Well you can reduce mod 11 each time you multiply. So

1 $\equiv$ 1 mod 11
2 * 1 $\equiv$ 2 mod 11
3 * 2 $\equiv$ 6 mod 11
4 * 6 $\equiv$ 24 $\equiv$ 2 mod 11
5 * 2 $\equiv$ 10 mod 11
6 * 10 $\equiv$ 60 $\equiv$ 5 mod 11
7 * 5 ... etc.

So there is no shortcut method of doing this type then? I just have to either add them or do them one at a time and then add the residuals, then.
June 26th 2010, 09:16 PM
undefined

Quote:

Originally Posted by dwsmith

So there is no shortcut method of doing this type then? I just have to either add them or do them one at a time and then add the residuals, then.

Have a computer do it for you?
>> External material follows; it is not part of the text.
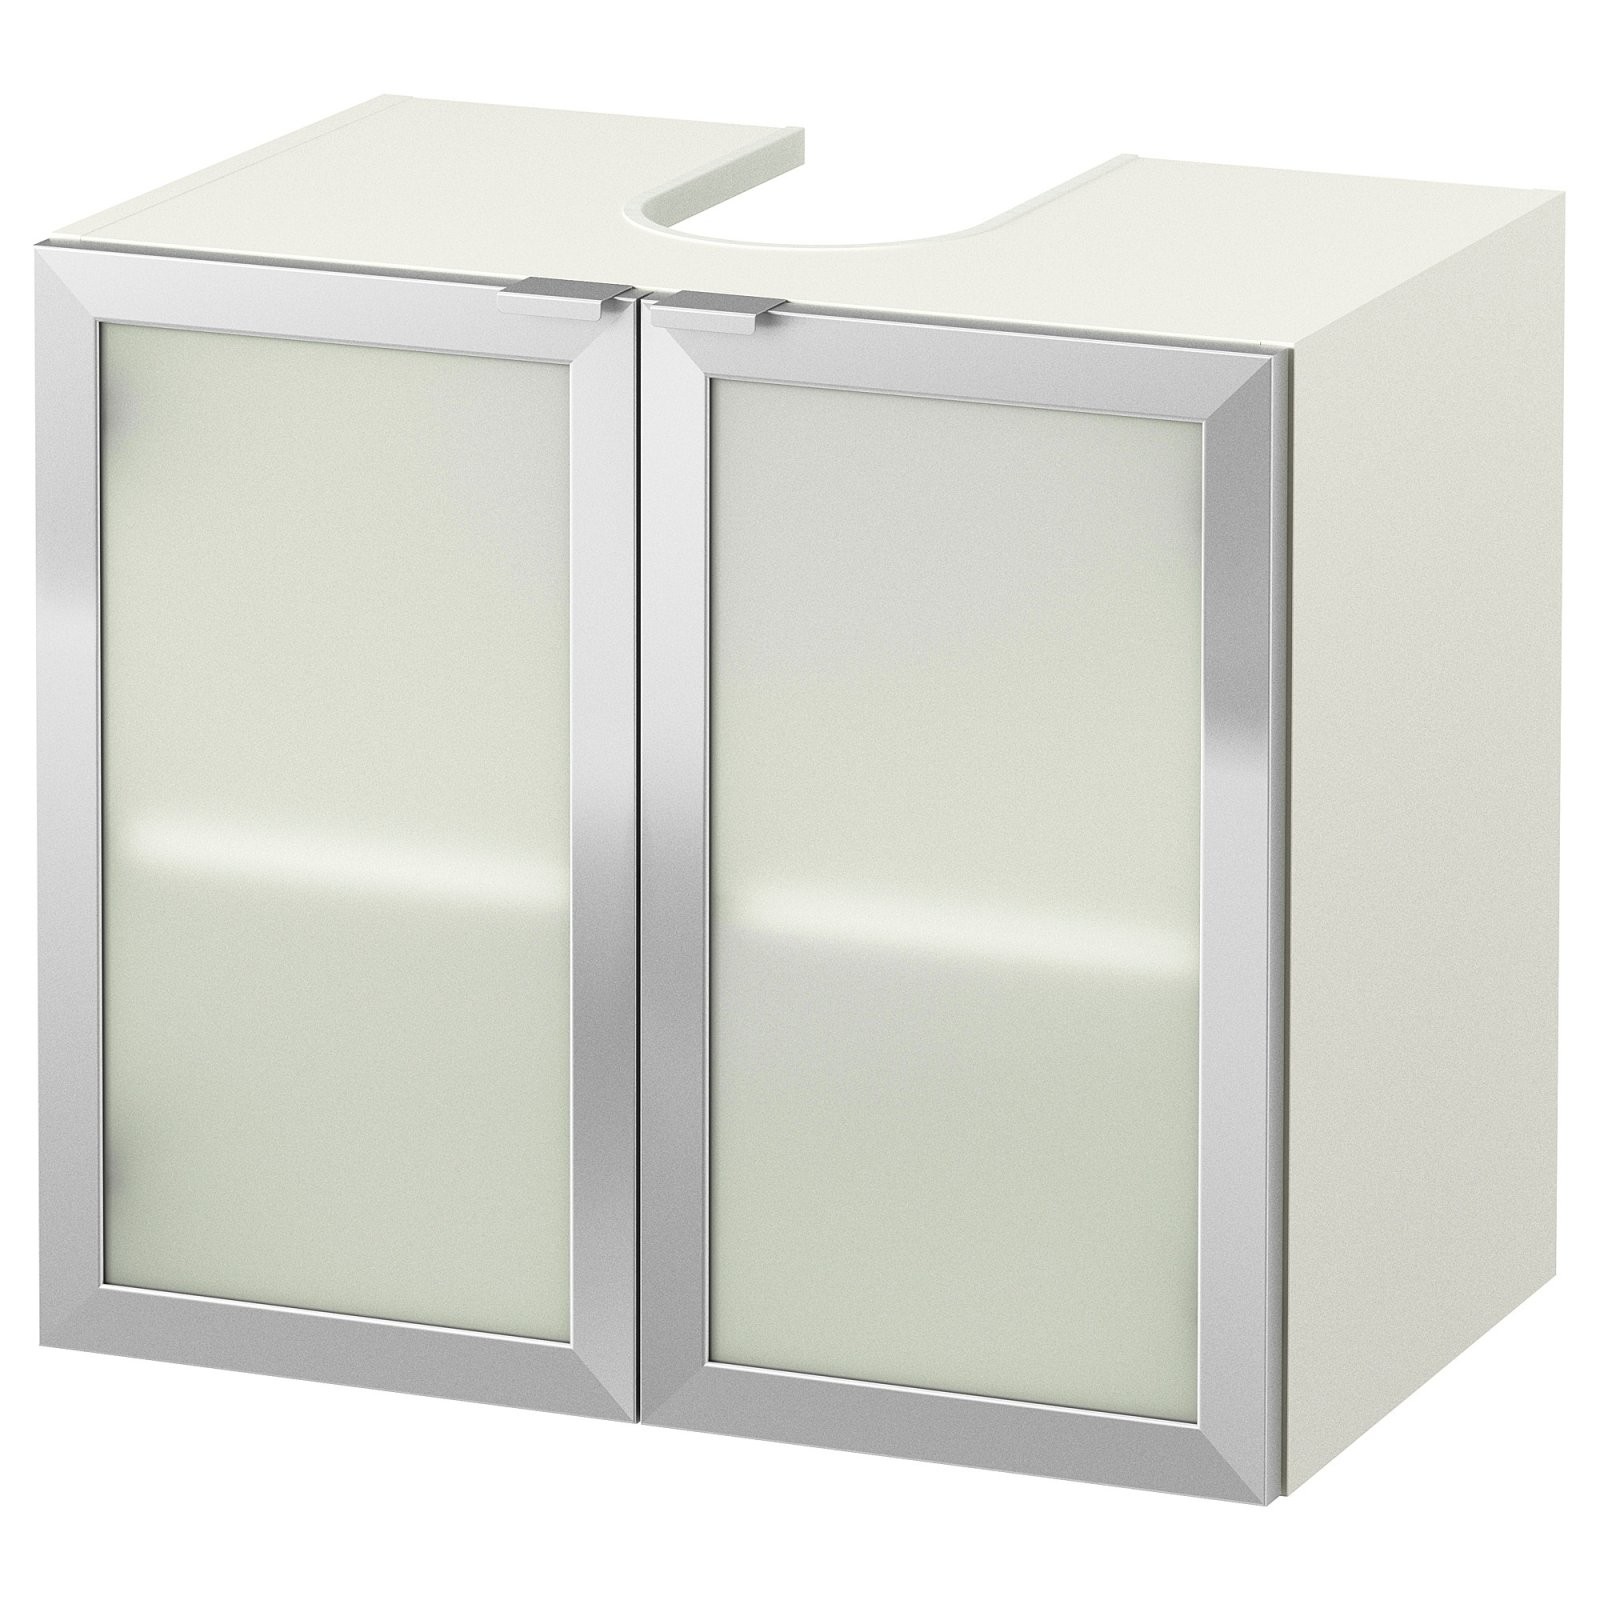 Lillången Waschbeckenunterschrank 2 Türen  Weiß Aluminium  Ikea von Waschbecken Mit Unterschrank Ikea Photo

I don't know of any shortcut or formula beyond what I shared, although one might exist.

PARI/GP is a great CAS for number theory.

Code:

sum(i=1,10,i!%11)%11
June 26th 2010, 09:48 PM
roninpro

You might be able to use Wilson's Theorem:

$(n-1)!\equiv -1\pmod{n}$ if and only if $n$ is prime.

In this case, you have $(11-1)!=10!\equiv -1\pmod{11}$ . You can use this fact to get $9!$ by multiplying by $10^{-1}$ on both sides. You can get $8!$ by multiplying by $9^{-1}$ after that, and etc...

This method may not really save much time though - you still need to compute modular inverses and peel off terms in the factorial, one by one. Is it really so bad to compute the factorials by hand?